Emerging markets have long been consumers, not designers, of global standards. This moment offers a shift toward co-creation and representation.

Closing the Gaps: A Blueprint for Emerging-Market Readiness

Based on the report findings, four priority actions emerge:

  • Build Data Systems That Match Global Expectations – Data shortages are the Achilles' heel of ESG reporting. Governments, exchanges, and companies must invest in:
    • Digital data-capture systems
    • Climate-risk modelling tools
    • Social safeguards monitoring
    • Governance transparency dashboards

Without this, alignment remains theoretical.

  • Strengthen Double-Materiality Understanding – ISSB focuses on financial materiality; ESRS integrates impact materiality. Emerging markets must:
    • Train boards and audit committees
    • Integrate stakeholder impact mapping
    • Update risk registers to include climate and social impacts

Materiality maturity is critical for credibility.

  • Simplify Reporting Through Templates and Shared Infrastructure – Stakeholders explicitly call for reporting templates. IFC, regulators, and exchanges can jointly design sector-specific materiality templates, climate transition-planning primers, and governance disclosure checklists.

This lowers compliance barriers.

  • Expand Collaboration Between Standard Setters – With 75% of interviewees citing harmonisation needs, emerging markets benefit from:
    • Joint ISSB–ESRS–GRI guidance notes
    • Regional capacity-building ecosystems
    • Public-private ESG knowledge hubs

The objective is not just compliance, but capability.

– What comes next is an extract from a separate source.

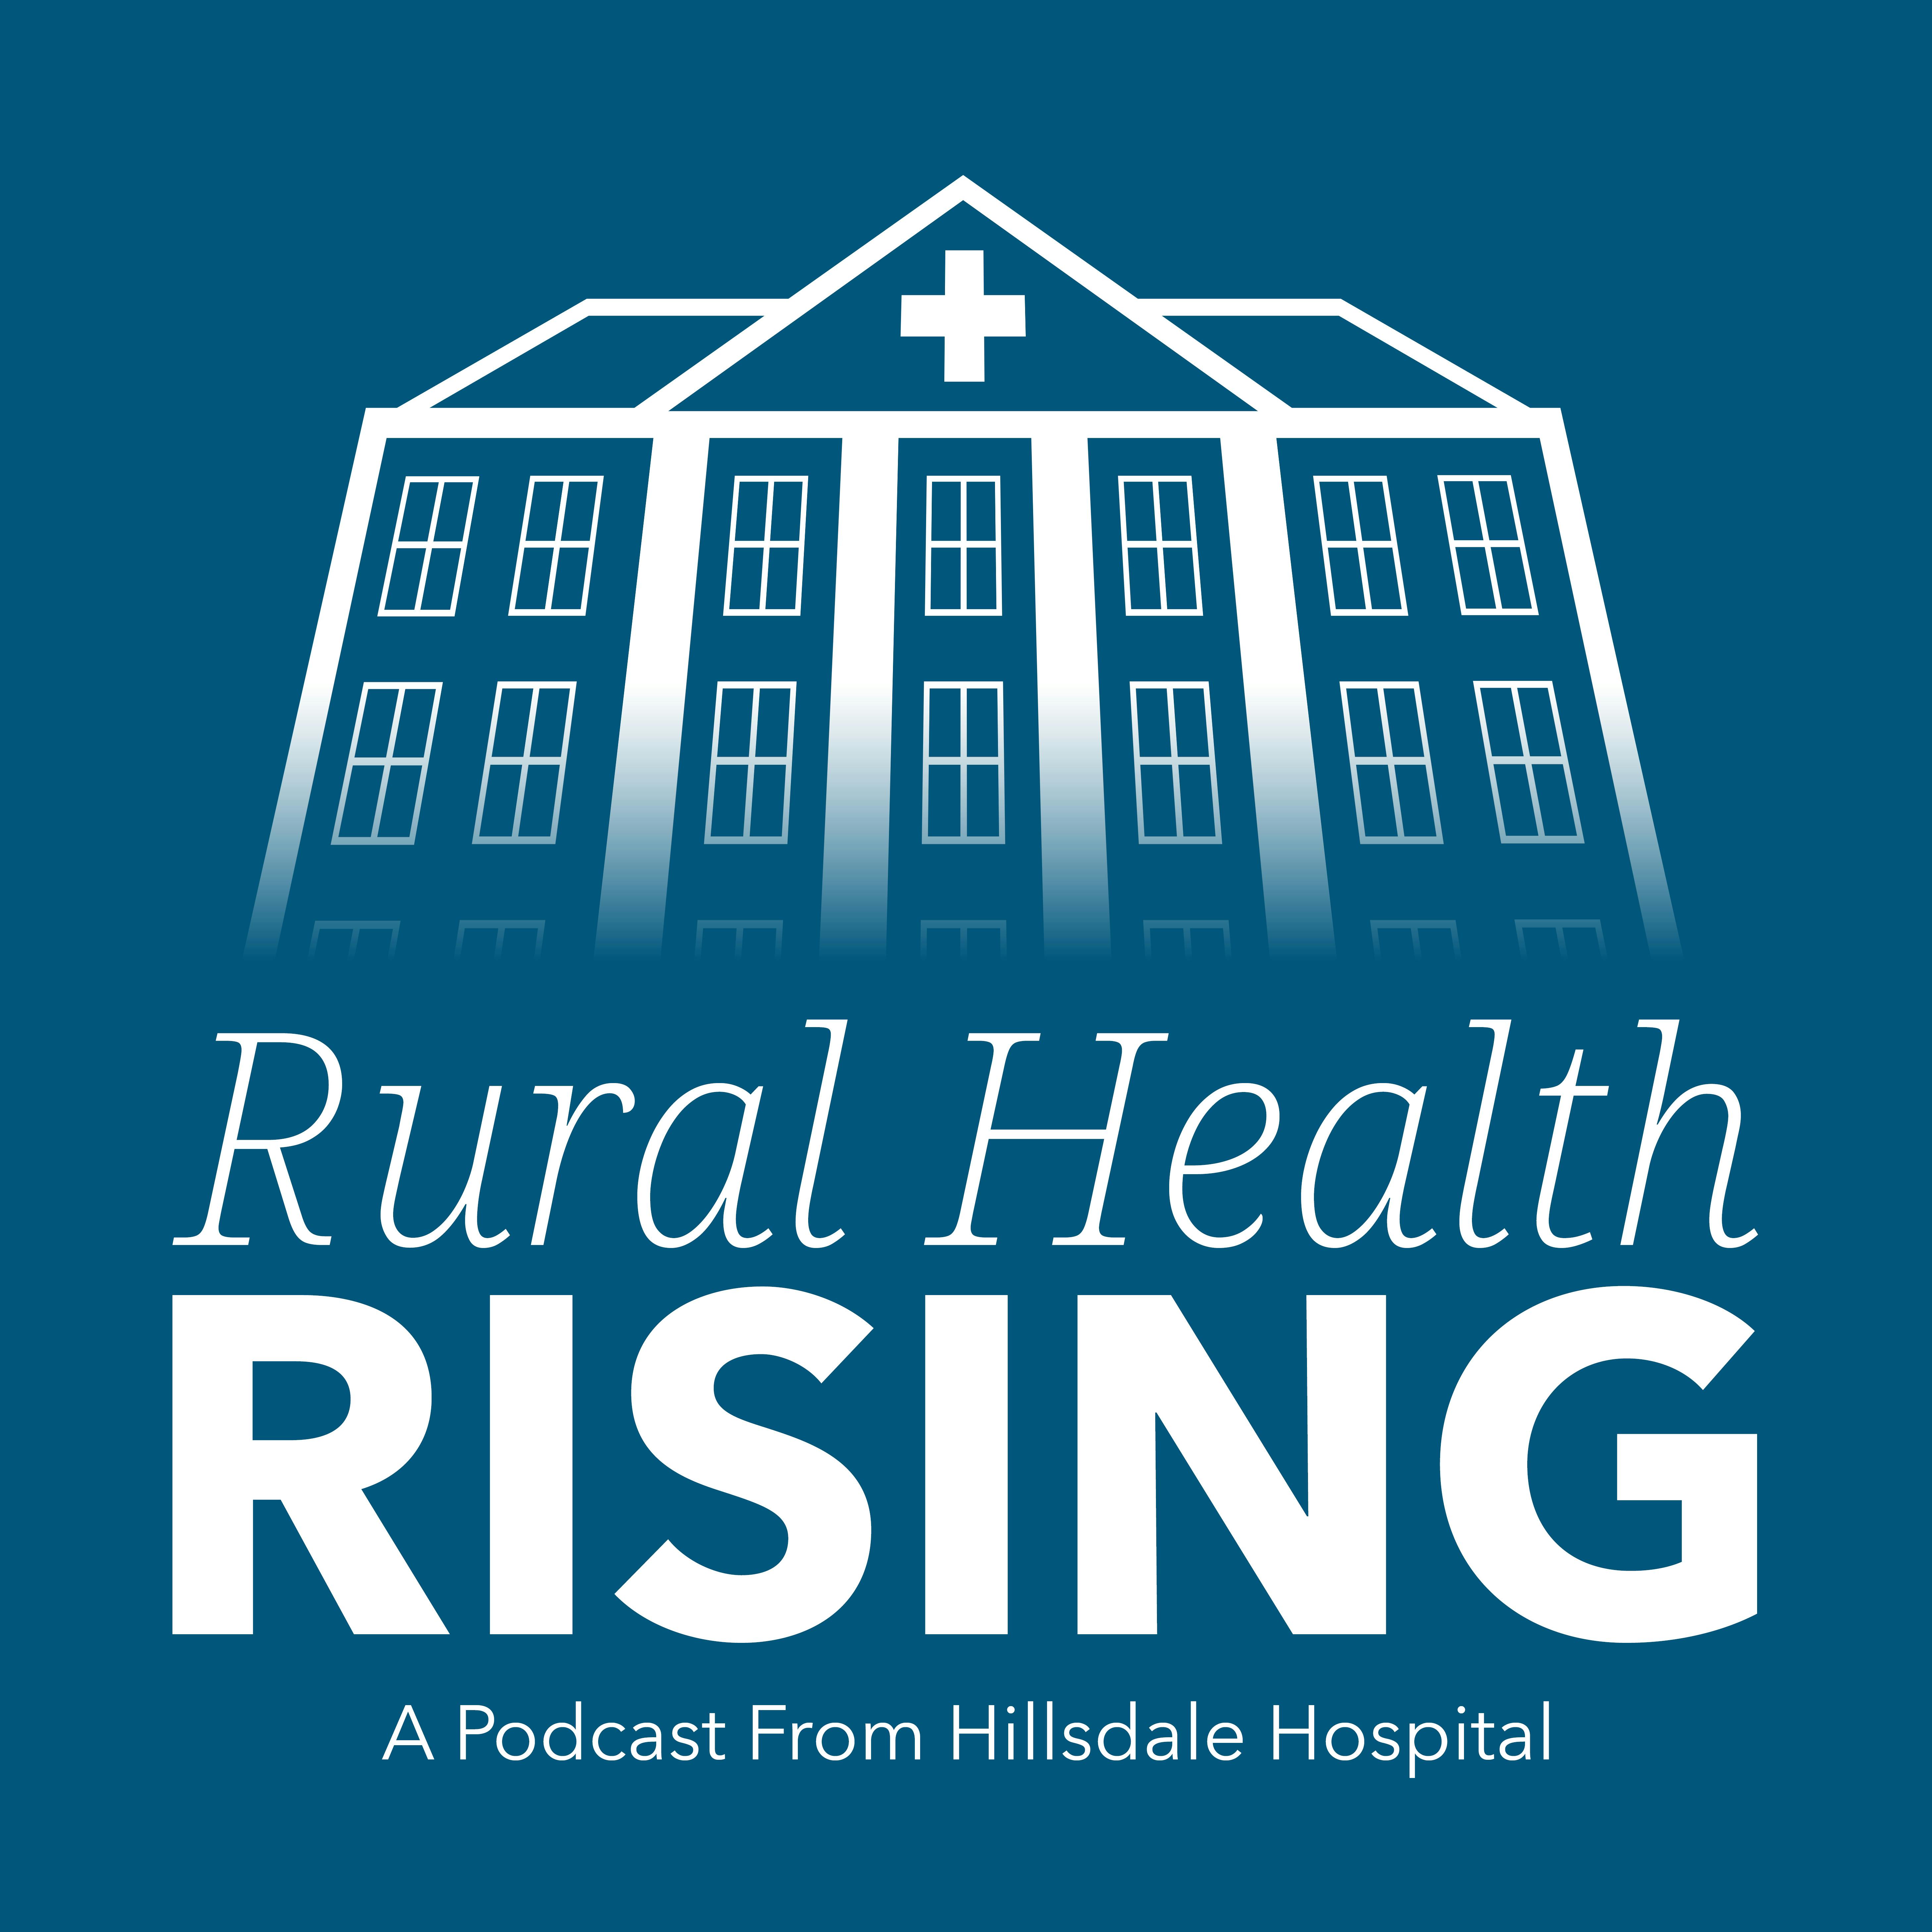 Episode 150: Strengthening Maternal Healthcare in Rural Communities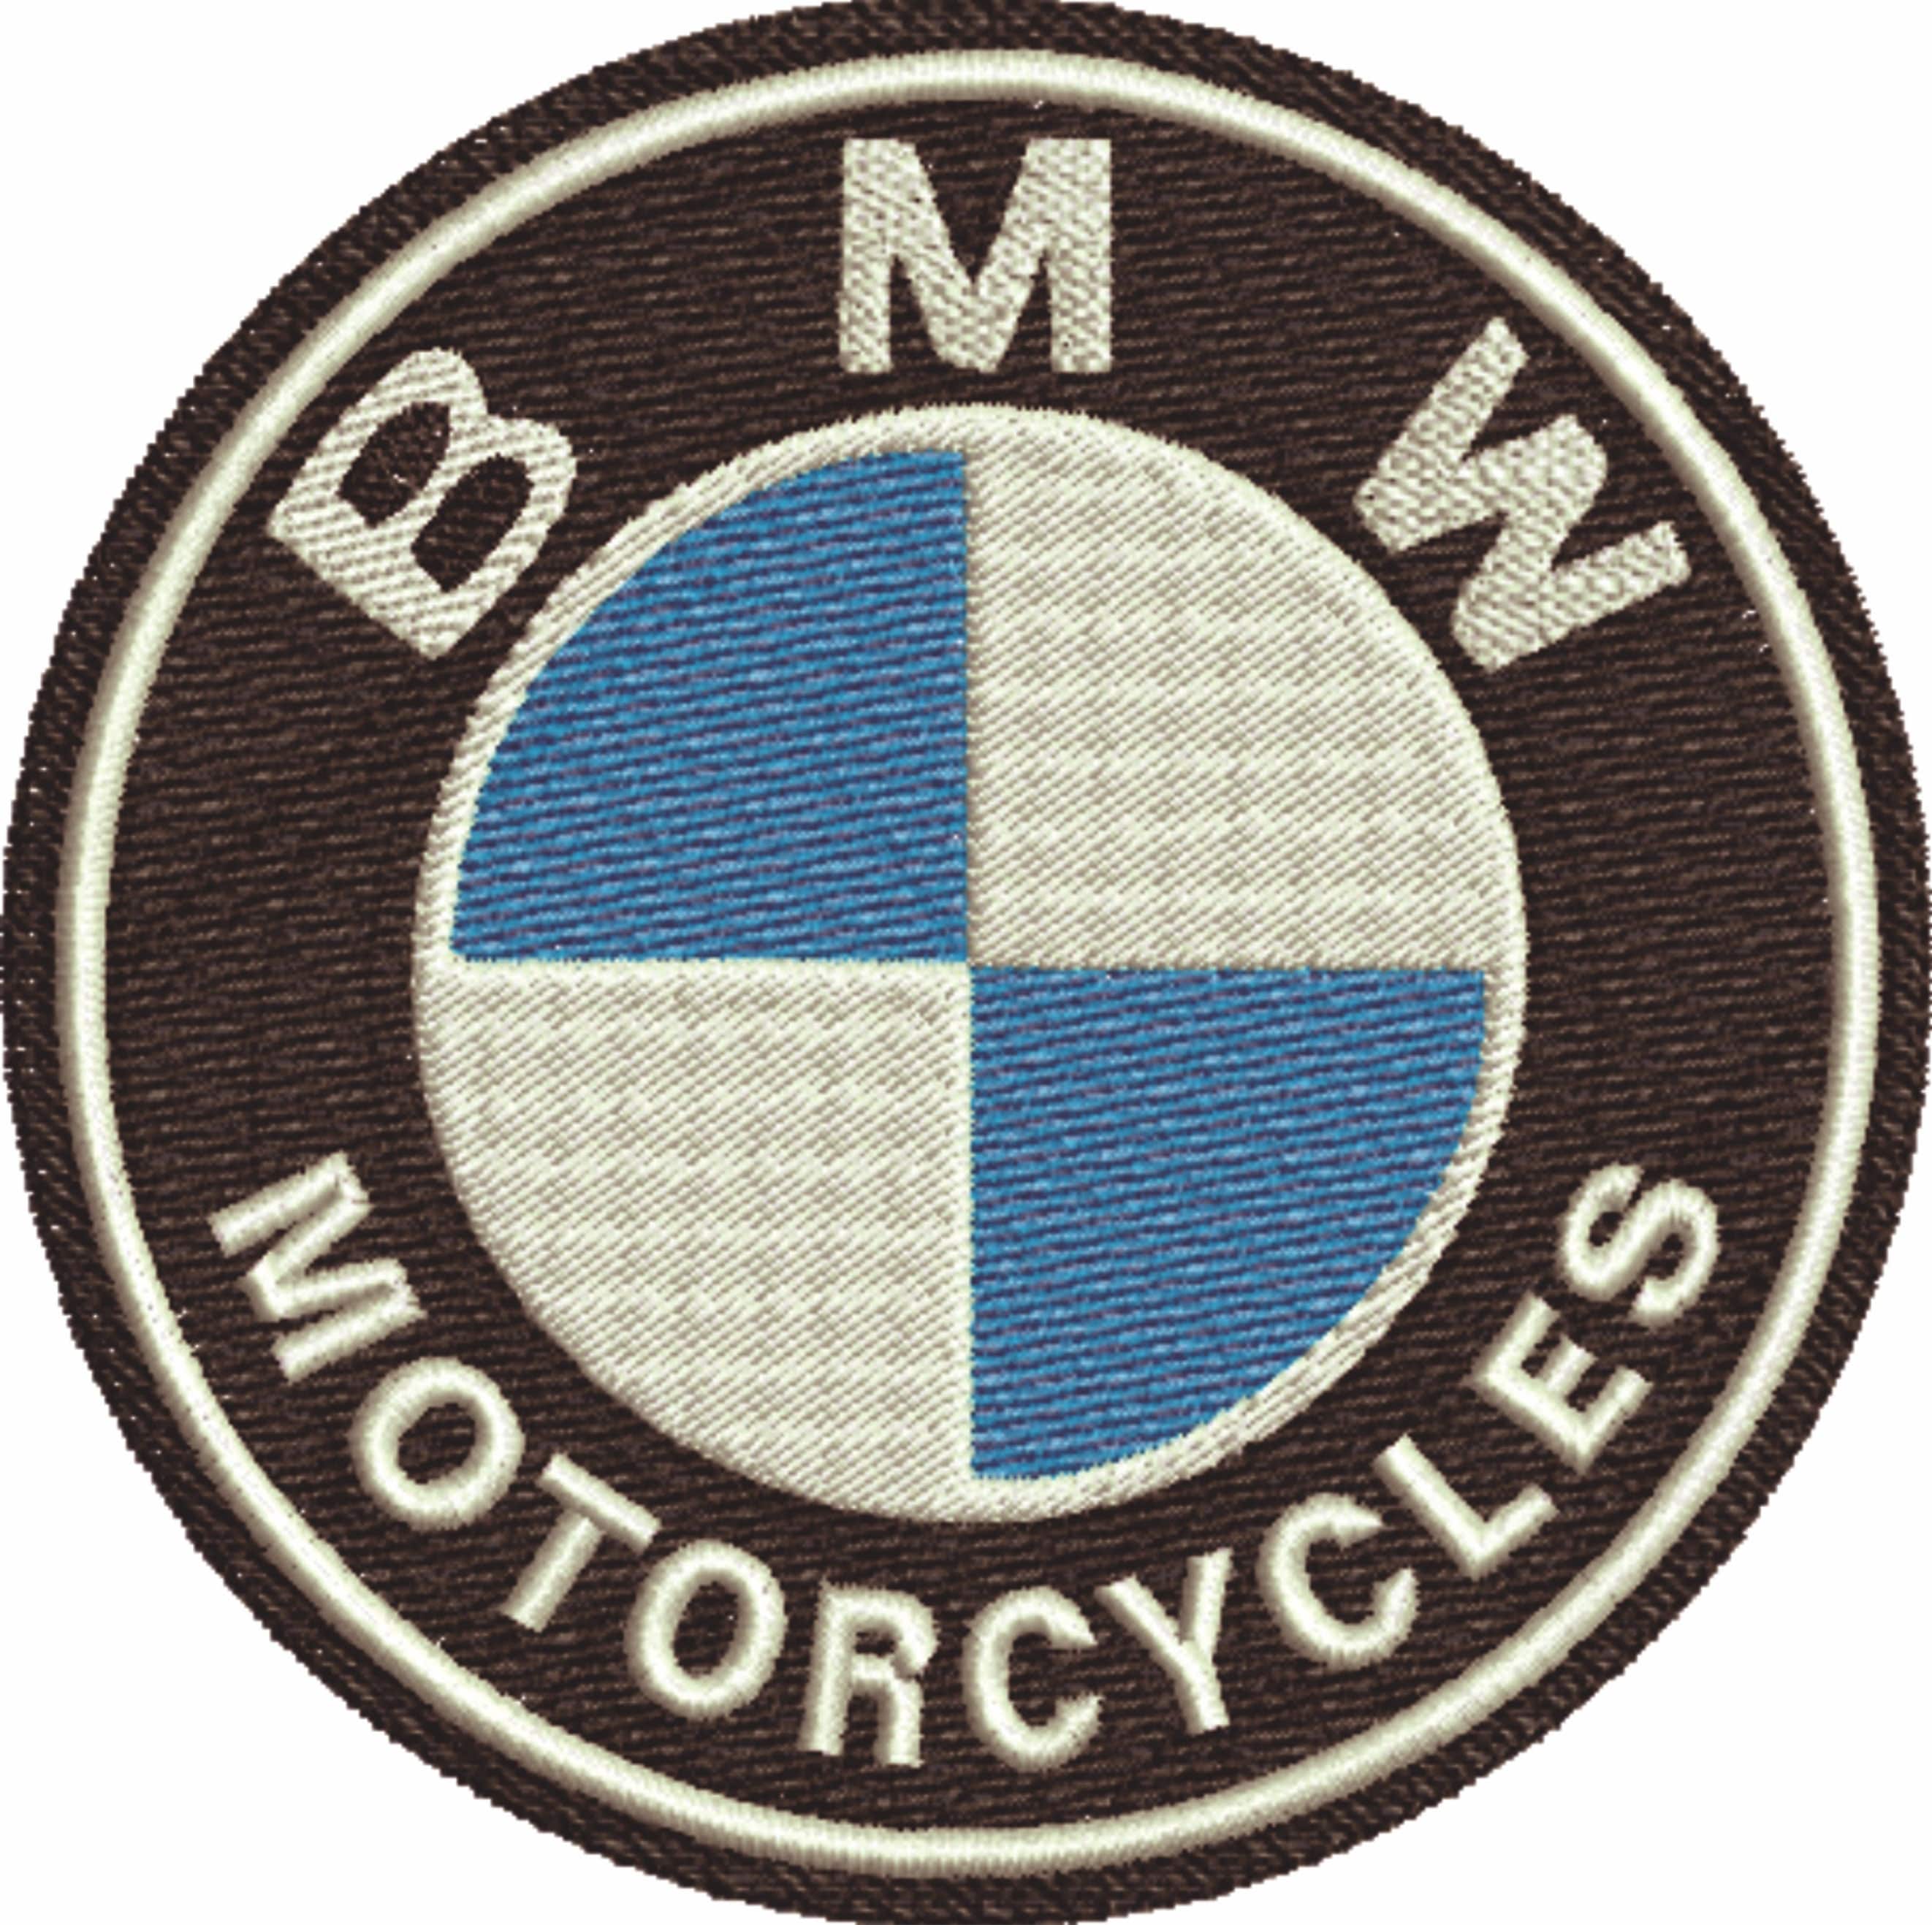 BMW-Logo-Torte Archive -

PATH FORWARD – Aligned Foundations, Empowered Markets, Shared Future

Emerging markets now possess a rare head start: IFC's frameworks already align with major global standards. But alignment alone is insufficient. To fully participate in the evolving ESG landscape, companies must strengthen data infrastructures, deepen materiality assessments, and build governance capacities that match global expectations.

The momentum for harmonisation, collaboration, and market-level support is clear. With deliberate action, emerging markets can transform compliance pressure into a sustainable competitive advantage, anchoring integrity, resilience, and inclusive growth in a new global reporting era.